First you ought to establish trade lines that report. This is also known as vendor credit. Then you’ll have an established credit profile, and you’ll get a business credit score.
And with an established business credit profile and score you can begin to get more credit.
These types of accounts have the tendency to be for the things bought all the time, like shipping boxes, outdoor work wear, iand office furniture.
But to start with, what is trade credit? These trade lines are credit issuers who will give you starter credit when you have none now. Terms are commonly Net 30, versus revolving.
Therefore, if you get approval for $1,000 in vendor credit and use all of it, you need to pay that money back in a set term, such as within 30 days on a Net 30 account.
You want 3 of these to move onto more credit.
Start a New Business in Idaho –Monitor Your Business Credit
Know what is happening with your credit. Make sure it is being reported and attend to any mistakes ASAP. Get in the habit of checking credit reports. Dig into the specifics, not just the scores.
Update Your Records
Update the data if there are inaccuracies or the info is incomplete.
Start a New Business in Idaho –Fix Your Business Credit
So, what’s all this monitoring for? It’s to challenge any errors in your records. Errors in your credit report(s) can be fixed. But the CRAs usually want you to dispute in a particular way. Fixing credit report mistakes means you specifically detail any charges you contest.
Start a New Business in Idaho –A Word about Business Credit Building
Always use credit sensibly! Don’t borrow more than what you can pay off. Track balances and deadlines for repayments. Paying off punctually and in full will do more to raise business credit scores than just about anything else.

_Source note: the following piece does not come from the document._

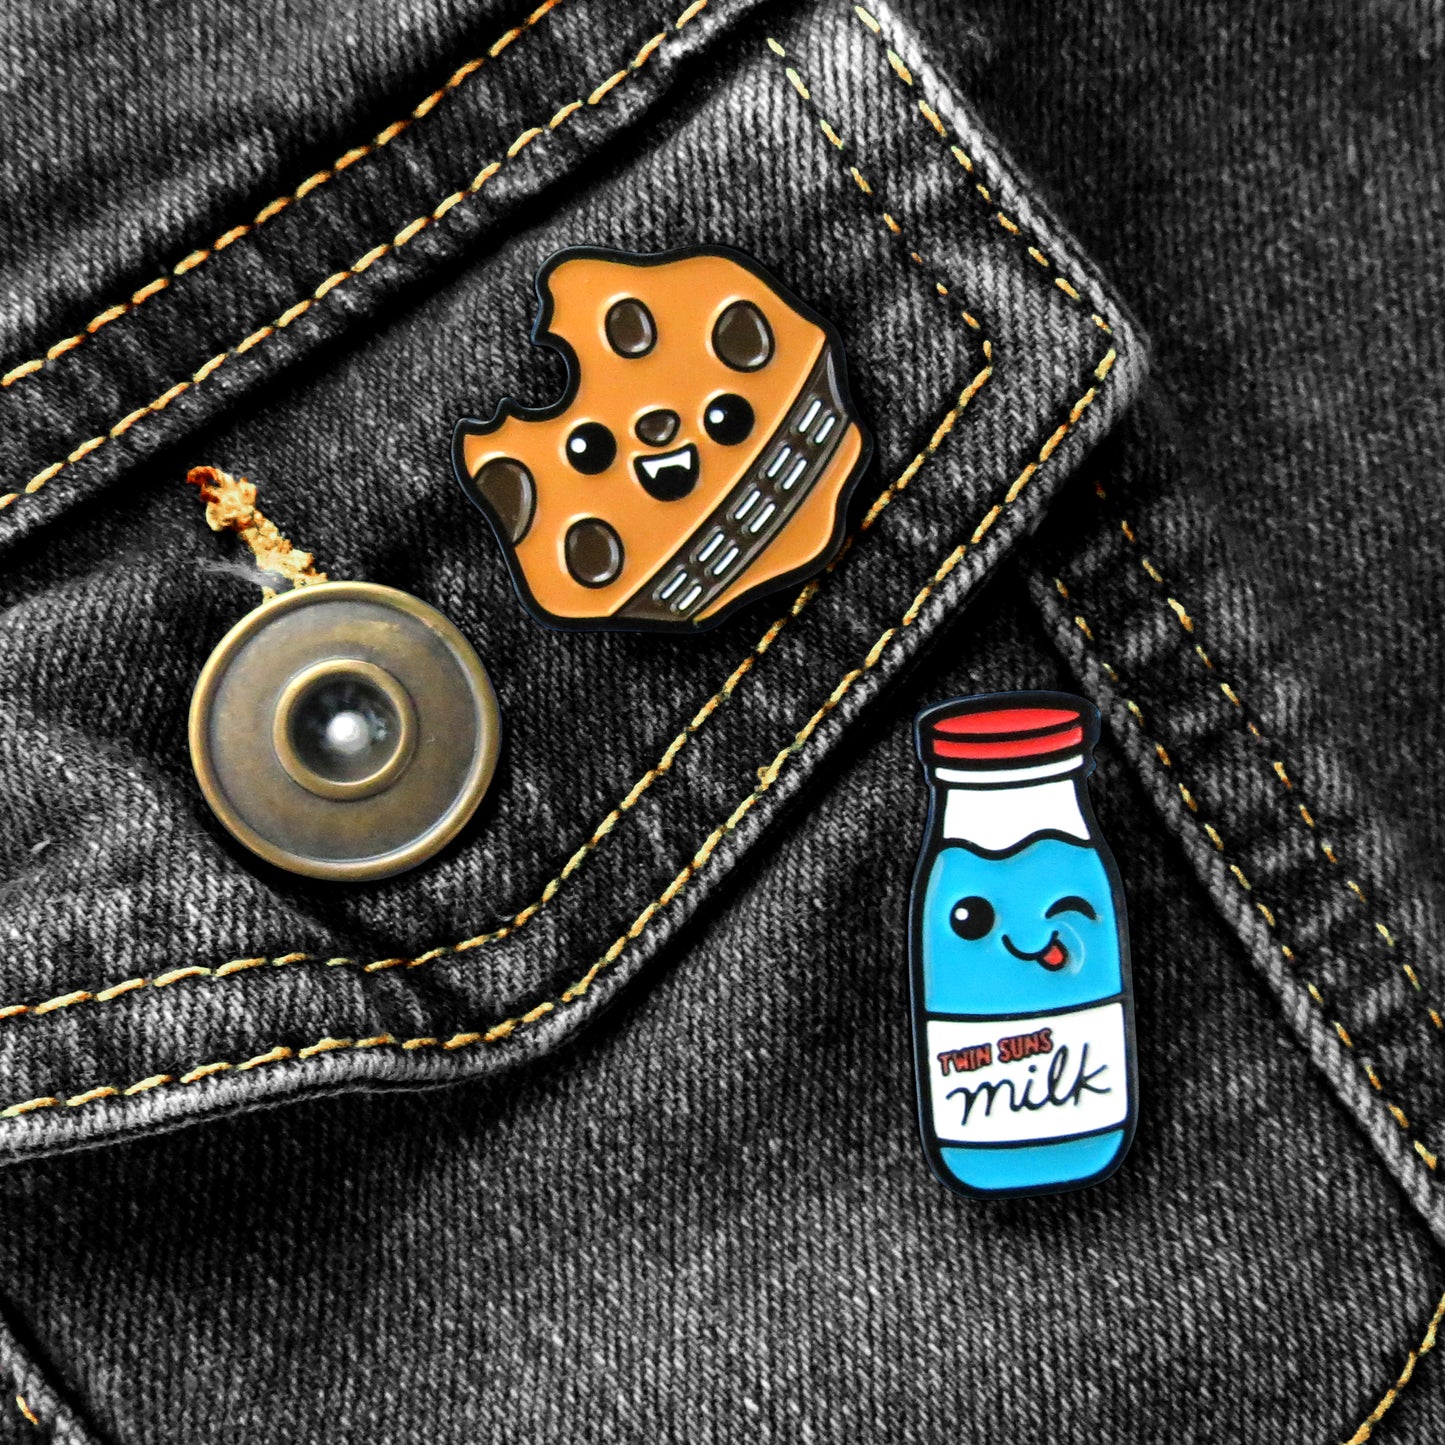 Star Wars Wookie Cookie and Blue Milk enamel pins on black jean jacket pocket

Building business credit pays off. Great business credit scores help a company get loans. Your loan provider knows the small business can pay its financial obligations. They understand the business is for real.
The company’s EIN connects to high scores and loan providers won’t feel the need to call for a personal guarantee.

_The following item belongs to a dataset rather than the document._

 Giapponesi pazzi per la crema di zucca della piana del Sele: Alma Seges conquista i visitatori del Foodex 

Business credit is an asset which can help your company in years to come.
Want to start a new business someplace else in America? Then check out our handy guide to starting a business in any state in the country.
Idaho’s Response to COVID-19
How is Idaho is handling COVID-19? On March 13, Governor Brad Little declared a state of emergency. The Governor also created a Coronavirus Working Group. So this group meets at least weekly to support the work of Idaho’s public health agencies. And they will increase coordination and communication around the many aspects of the issue.
The Joint Finance-Appropriations Committee approved Governor Brad Little’s request to transfer $2 million to the Governor’s Emergency Fund to help in Idaho’s response. But it does not appear that they have earmarked these funds at all for small businesses. This may change in time.
On April 21, it was reported that some of the CARES Act funding in Idaho is going to large companies and not the small businesses for which the money is intended.